→ To do
Exactly as written, output each of the lines below, with no images.

→ Provided data
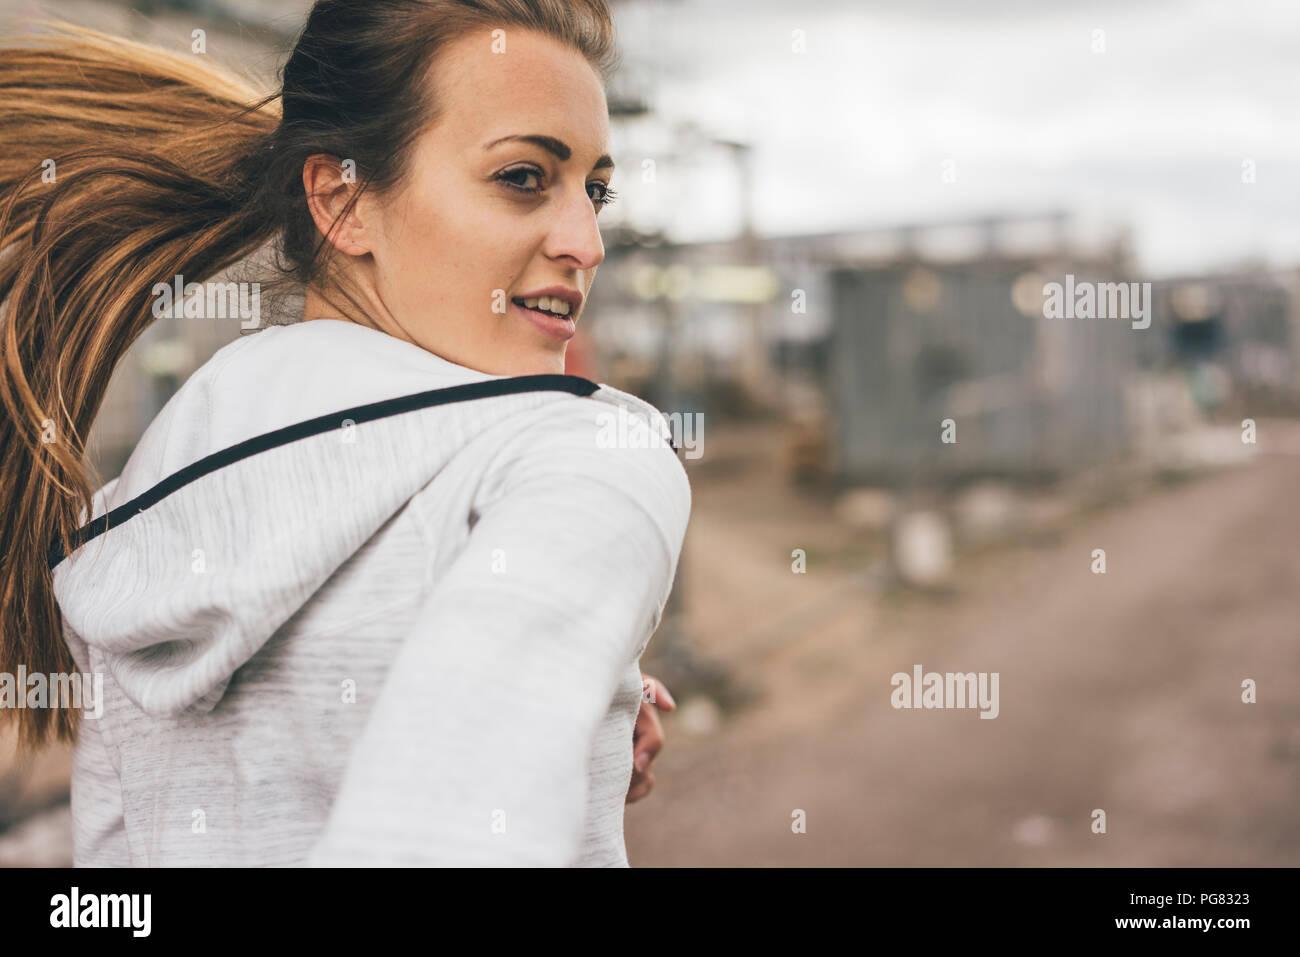 Sportliche junge Frau läuft im Freien Stockbild
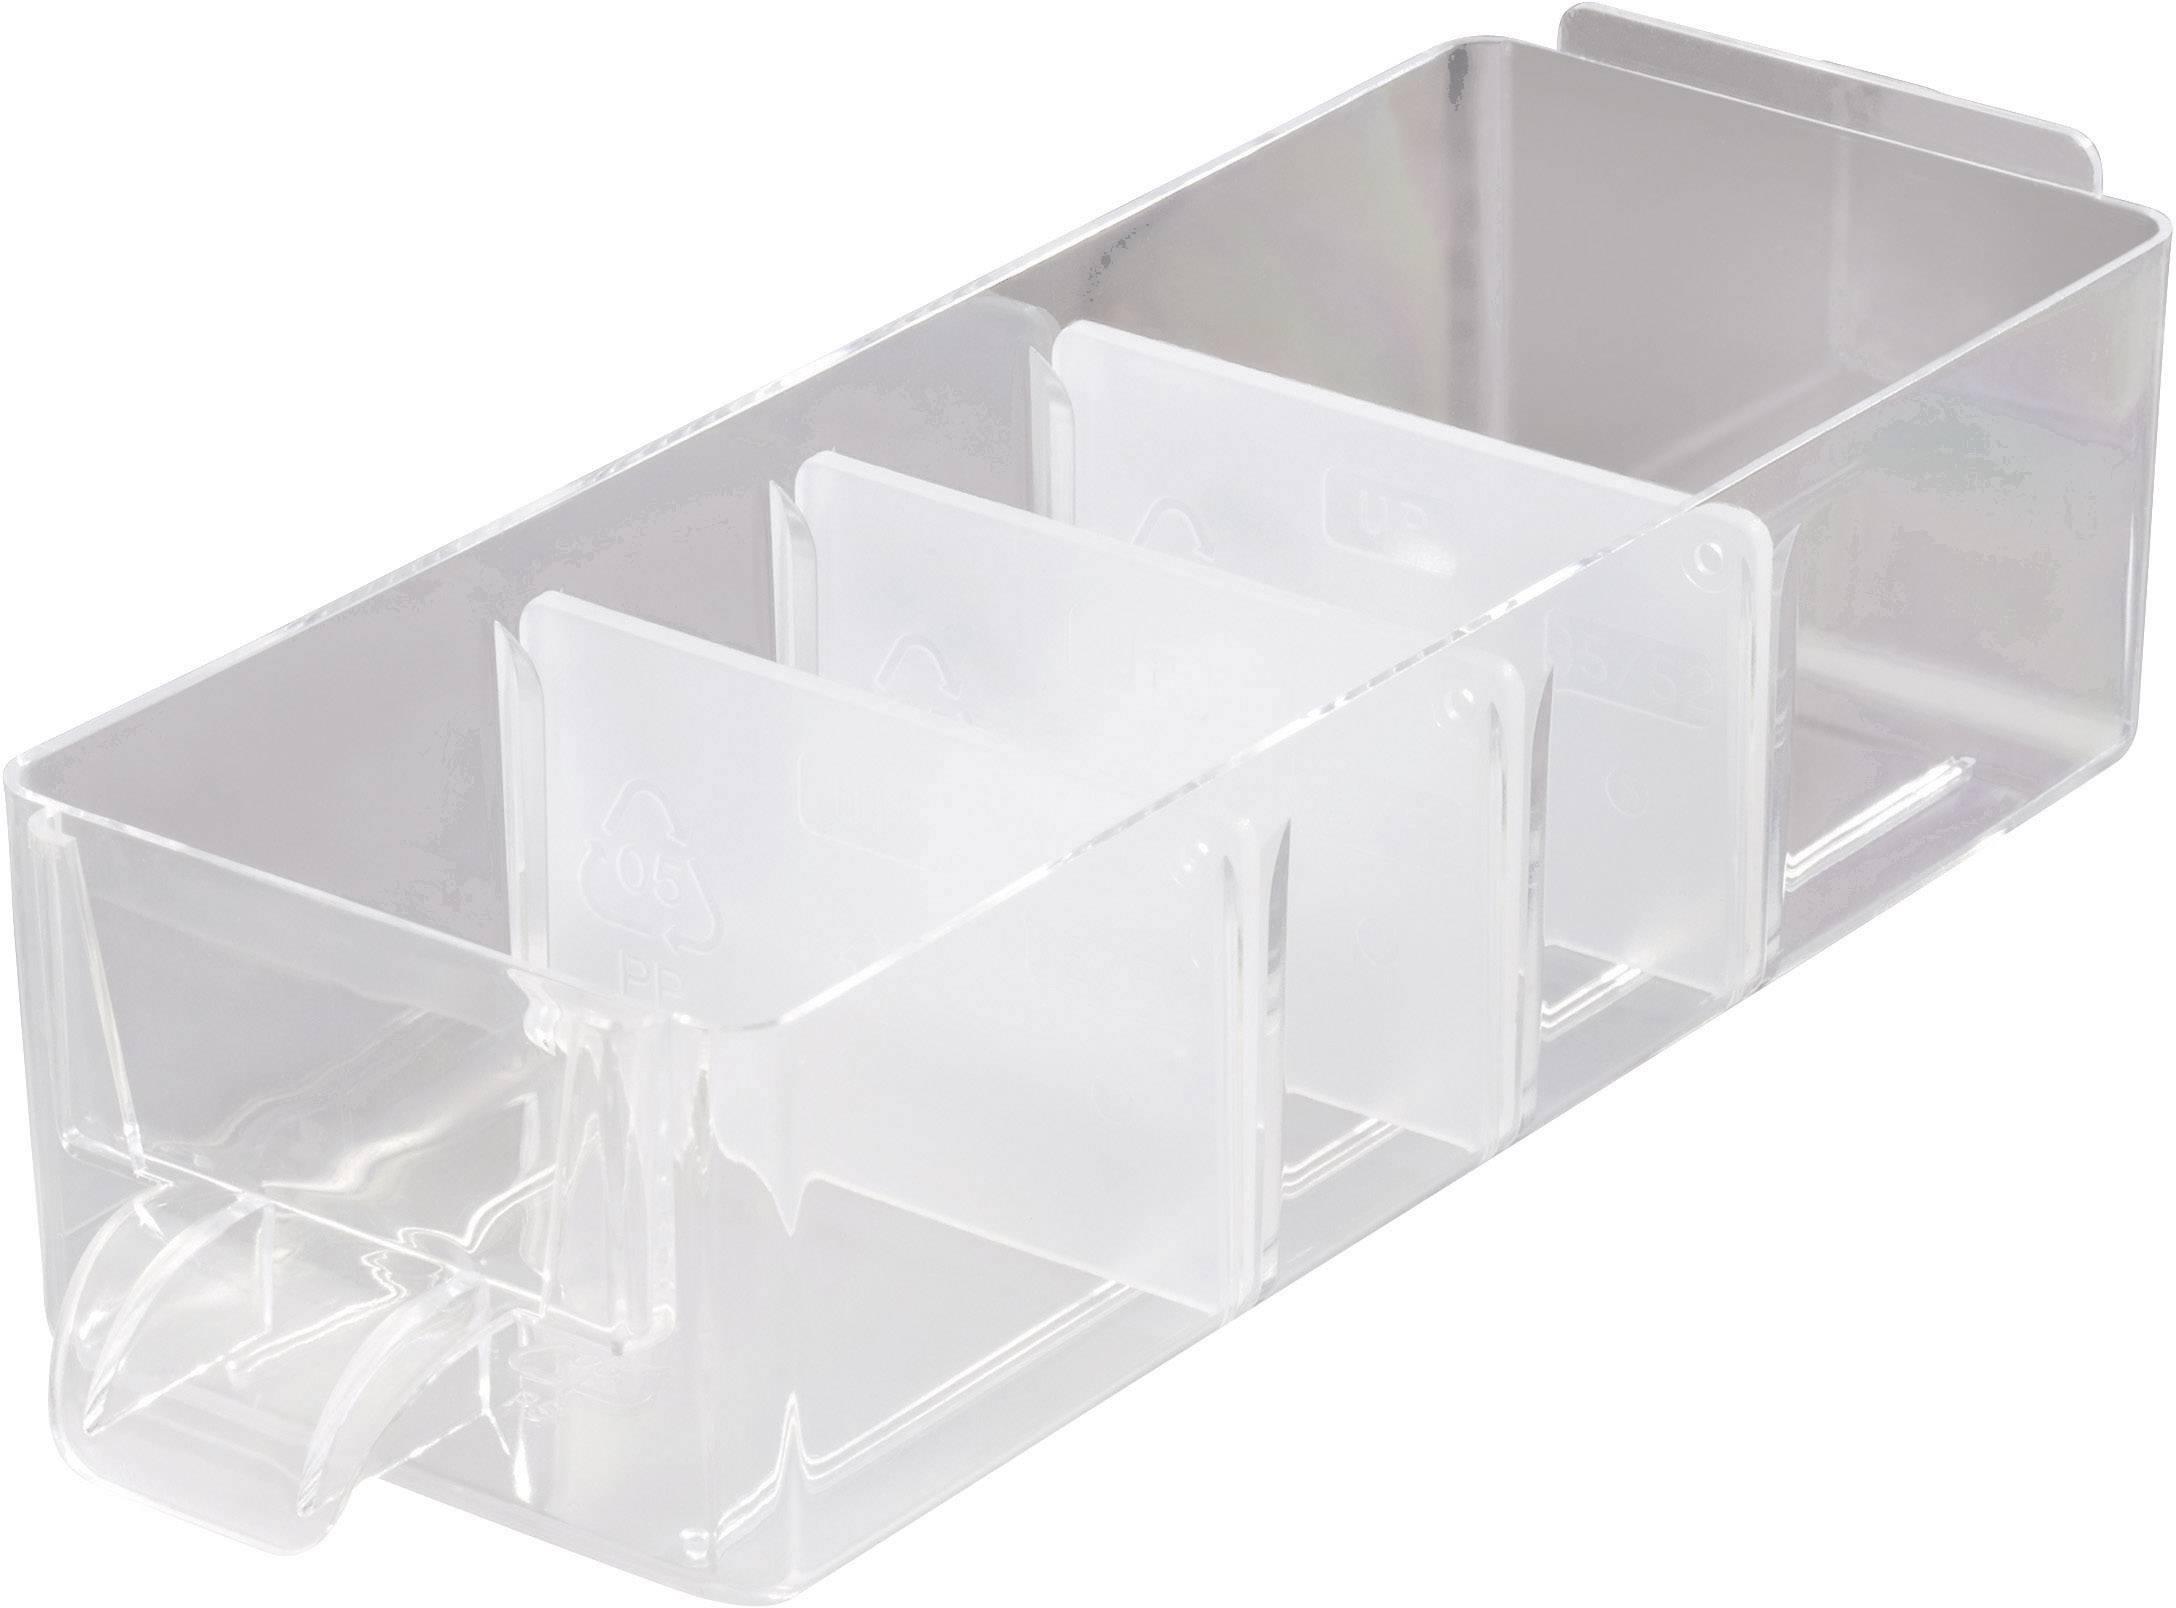 Dělicí přepážky do skříně se šuplíky, 60 ks
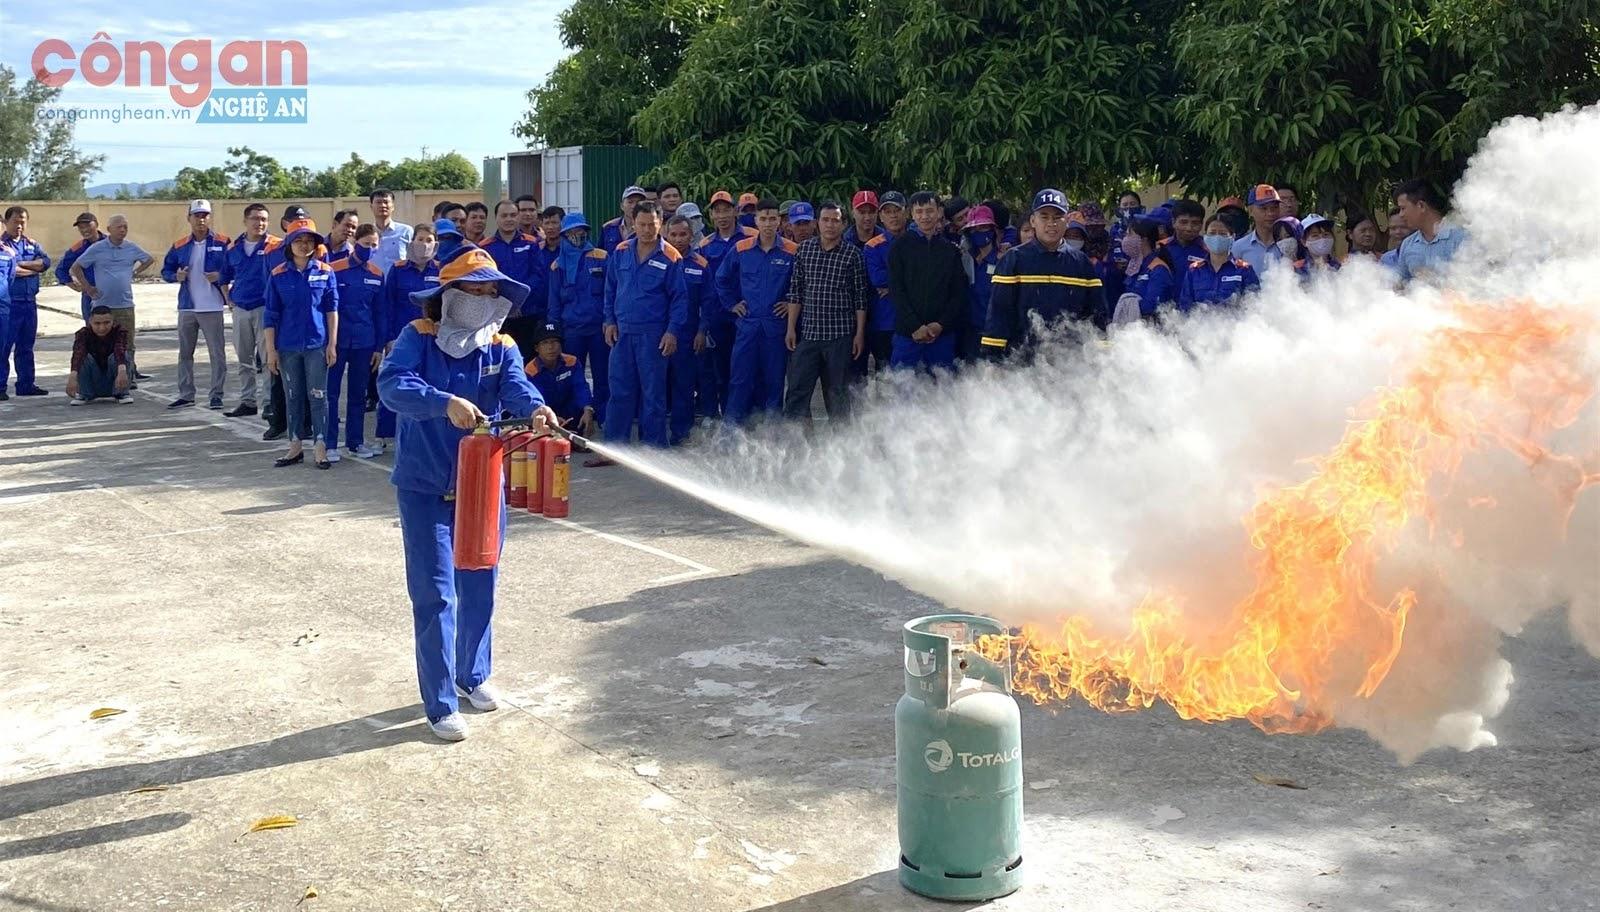 Lực lượng PCCC cơ sở thực hành các kĩ năng  phòng cháy, chữa cháy

→ Expected answer
 Sportliche junge Frau läuft im Freien Stockbild
 Dělicí přepážky do skříně se šuplíky, 60 ks
 Lực lượng PCCC cơ sở thực hành các kĩ năng  phòng cháy, chữa cháy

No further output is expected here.